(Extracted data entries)
^^^^^^^^^^^^^^^^

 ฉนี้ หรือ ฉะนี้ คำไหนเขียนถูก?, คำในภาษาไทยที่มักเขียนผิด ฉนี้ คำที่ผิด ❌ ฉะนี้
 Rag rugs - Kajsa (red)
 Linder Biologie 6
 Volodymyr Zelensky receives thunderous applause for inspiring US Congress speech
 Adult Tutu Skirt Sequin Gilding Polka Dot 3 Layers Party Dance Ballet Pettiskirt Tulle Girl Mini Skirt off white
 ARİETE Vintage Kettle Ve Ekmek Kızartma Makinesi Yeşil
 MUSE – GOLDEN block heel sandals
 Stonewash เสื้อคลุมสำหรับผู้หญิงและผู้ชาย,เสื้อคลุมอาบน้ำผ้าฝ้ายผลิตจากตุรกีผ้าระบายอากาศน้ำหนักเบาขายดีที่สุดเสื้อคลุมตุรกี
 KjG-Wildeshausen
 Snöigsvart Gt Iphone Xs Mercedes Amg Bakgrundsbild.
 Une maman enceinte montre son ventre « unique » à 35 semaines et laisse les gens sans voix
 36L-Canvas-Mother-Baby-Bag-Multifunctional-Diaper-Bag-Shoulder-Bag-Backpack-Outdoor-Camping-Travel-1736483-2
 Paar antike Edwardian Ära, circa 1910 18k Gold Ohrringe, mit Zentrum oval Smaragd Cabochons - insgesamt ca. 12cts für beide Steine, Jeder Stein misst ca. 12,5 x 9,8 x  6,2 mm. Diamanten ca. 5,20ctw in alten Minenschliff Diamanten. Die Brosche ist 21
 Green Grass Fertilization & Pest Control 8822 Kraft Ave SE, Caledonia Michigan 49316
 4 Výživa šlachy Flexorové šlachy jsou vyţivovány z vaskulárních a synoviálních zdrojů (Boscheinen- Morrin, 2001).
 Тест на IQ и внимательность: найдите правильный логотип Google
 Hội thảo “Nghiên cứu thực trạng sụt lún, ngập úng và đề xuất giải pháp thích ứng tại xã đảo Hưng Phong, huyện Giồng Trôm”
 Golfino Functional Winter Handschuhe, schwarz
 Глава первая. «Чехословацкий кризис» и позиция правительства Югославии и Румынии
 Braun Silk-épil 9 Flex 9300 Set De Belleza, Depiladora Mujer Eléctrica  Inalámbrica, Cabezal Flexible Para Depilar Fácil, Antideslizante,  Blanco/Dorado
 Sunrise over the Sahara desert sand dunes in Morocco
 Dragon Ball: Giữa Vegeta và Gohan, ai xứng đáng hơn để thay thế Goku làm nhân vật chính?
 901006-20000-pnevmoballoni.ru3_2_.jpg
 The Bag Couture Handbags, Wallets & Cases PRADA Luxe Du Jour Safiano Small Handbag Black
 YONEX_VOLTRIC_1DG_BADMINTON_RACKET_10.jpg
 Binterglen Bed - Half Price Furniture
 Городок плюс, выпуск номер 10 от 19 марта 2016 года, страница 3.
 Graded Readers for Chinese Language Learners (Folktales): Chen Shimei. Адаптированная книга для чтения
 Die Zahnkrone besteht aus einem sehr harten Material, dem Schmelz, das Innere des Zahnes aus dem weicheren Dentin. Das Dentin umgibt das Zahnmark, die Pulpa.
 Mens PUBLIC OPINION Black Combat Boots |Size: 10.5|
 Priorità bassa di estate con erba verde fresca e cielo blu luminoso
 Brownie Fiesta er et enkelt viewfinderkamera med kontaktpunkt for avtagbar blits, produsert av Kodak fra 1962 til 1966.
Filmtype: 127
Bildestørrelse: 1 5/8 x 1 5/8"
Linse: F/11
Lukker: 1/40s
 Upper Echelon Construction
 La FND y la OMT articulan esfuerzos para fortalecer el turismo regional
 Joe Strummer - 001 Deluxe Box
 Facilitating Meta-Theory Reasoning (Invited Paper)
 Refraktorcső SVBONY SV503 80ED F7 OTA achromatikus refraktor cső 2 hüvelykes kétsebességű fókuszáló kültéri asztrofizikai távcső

^^^^^^^^^^^^^^^^

__Directions__. Please report how many lines in the records contain the string "Black", and write nothing besides that number.

__Result of the exercise__. 2